With the publication of Sergio Purtell’s first book, Love’s Labor (Stanley/Barker, 2020), I found myself thinking that portraiture has a very uncanny way of reaching people to tap into their emotions and nerves, and all of this is done without knowing the person in the photograph. I have spent much of my mid-years avoiding portraiture in my work and the work of others. It is not that I do not appreciate it; I do. I may find a distance to it because of awkwardness and being relatively isolated from the act of taking pictures of people. It is quite a strange human phenomenon to look at the face of another, across time, across geography, and feel anything about the image. I suspect this has to do with inherent traits in our species. We rely on facial gestures and cues, and much of our communication sometimes goes unspoken, even when that face is frozen. We can read people’s faces, and cuing is a link to how we feel when looking at each other, amongst a range of emotions we feel when observing others.

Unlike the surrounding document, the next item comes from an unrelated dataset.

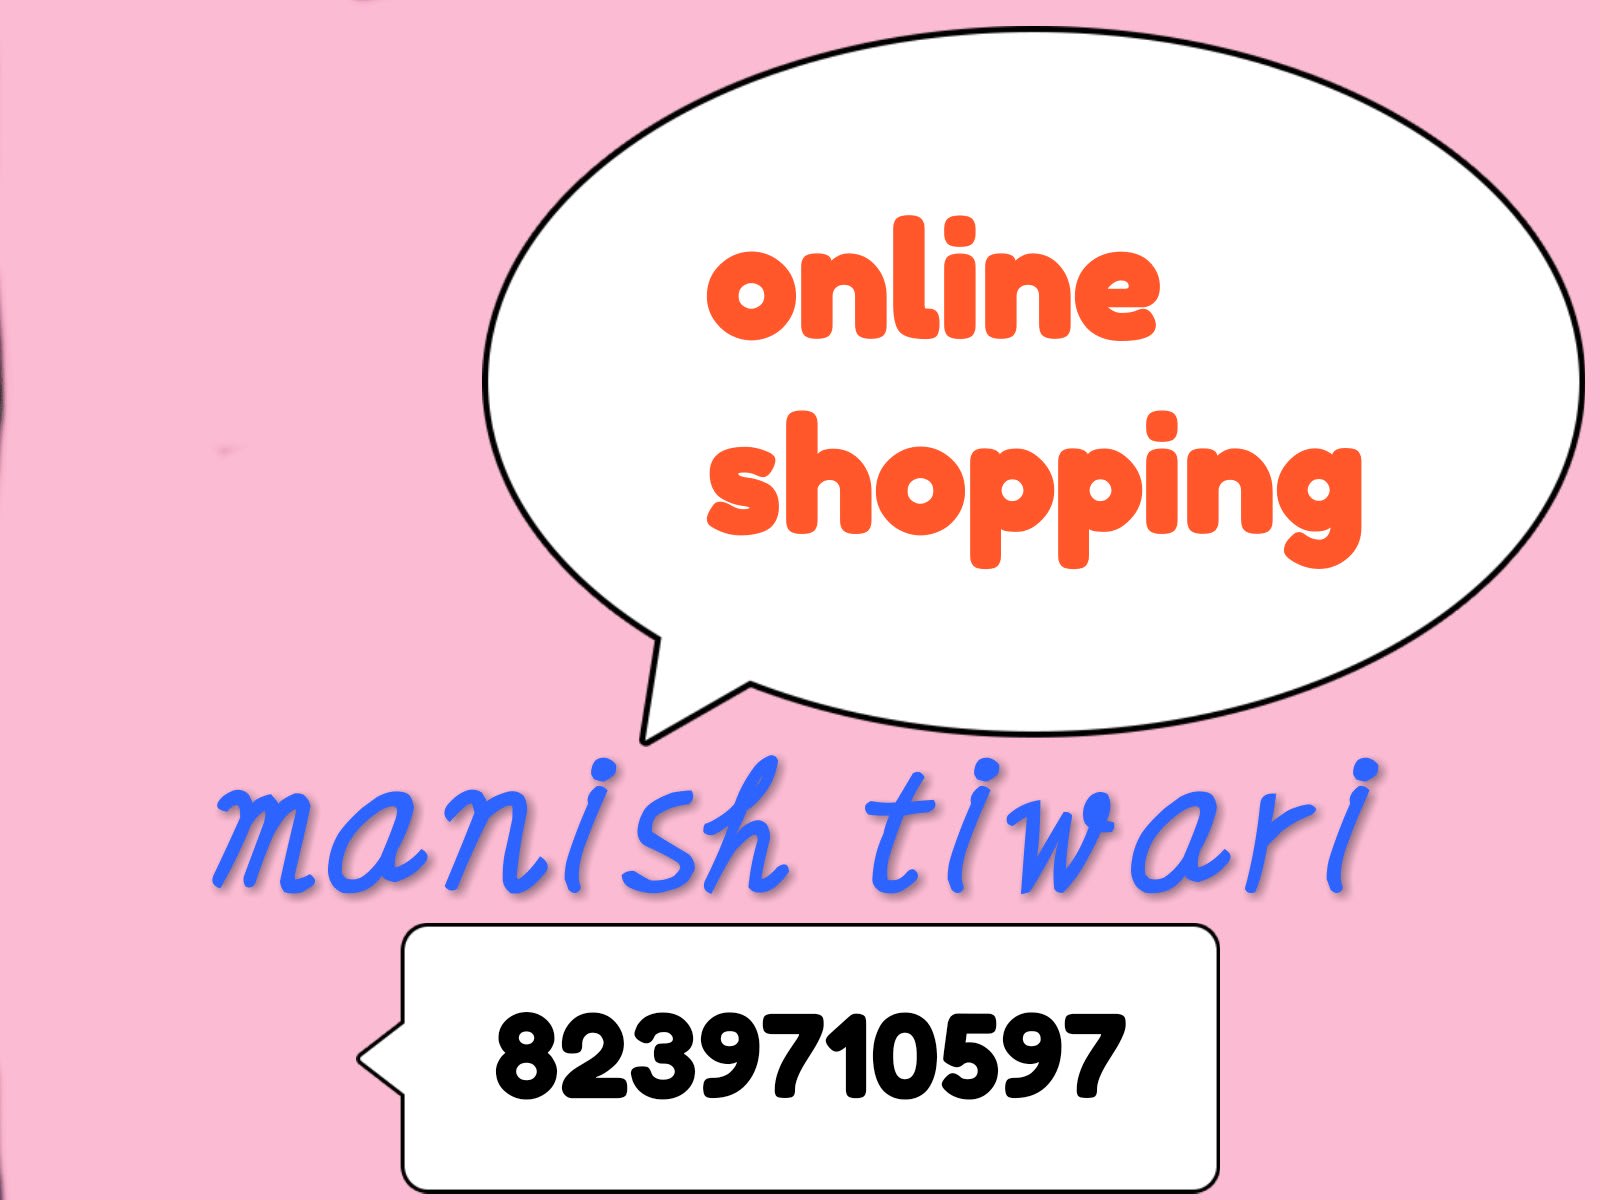 Shipping with manish

Certain artists’ work unclogs that feeling of distance to portraiture and gives me space to move around the frames, emote, and challenge my inner demons when it comes to photographic portraiture. Mark Steinmetz is one of these artists. Bryan Schutmaat, Thomas Boivin, Gregory Halpern, Chris Killip, Alisa Resnik, Pieter Hugo, and Dana Lixenberg are among many other greats who strike me in a particular way. Their work resonates with me as it always feels quite partial. There is a technical skill that I cling to, but after that, much of what I find appealing in those artists works is a sense of mood and the general way I feel afterward. Sometimes, it’s cerebral, and other times, I am content to look at nice pictures, which I do not gravitate toward easily as I dwell in complex material most of the time by my design.

Admittedly, there is quite a bit of variation in the work of those artists, but those are just a few names of people whose work challenges my position on portrait-taking. And in this, what I find endlessly fascinating is that I can sense some form of empathy for the people in the frame. I examine them for details, look at clothing and lines in rugged faces, and try to imagine the photographic act, but quickly after that, the act of recognition of the subject. This takes some getting used to as you have to deny the reality that it is just a picture and believe that what is trapped and still in the frame is flesh and bone, with real-world concerns, problems, and hopes. It is someone who feels, has felt, has lost, and has ideal ways of dreaming the world that one cannot infer by their visage, and yet, it seems feasible to form or apprehend a slight surface appraisal. This appraisal is a projection of my psyche, and its reality to the subject within the photograph is only ever imagined, even if sometimes imagined at length.

 

With Sergio Purtell, the emphasis for me in Love’s Labor has been on a type of Europe that I am familiar with, one that I see through the seasonal eye of summer. Europe in the summer is a fantastic place. The mood is genuine, and capitals from France, Berlin, London, and Rome to Athens are a blast (Athens in August is a bit relentless), providing a feeling of respite, a strange sense that things are ok. I never felt that in America. I always felt guilty away from the grind. Sitting on a bench for me for any time longer than ten minutes is still nerve-wracking. Parks serve as places of relaxation. People find themselves worshipping the sun wherever possible and are unashamed to enjoy the straightforward nature of summertime. Sergio captured this feeling in his previous book. It is a romantic view of Europe, but sometimes, making broad strokes still produces a painting.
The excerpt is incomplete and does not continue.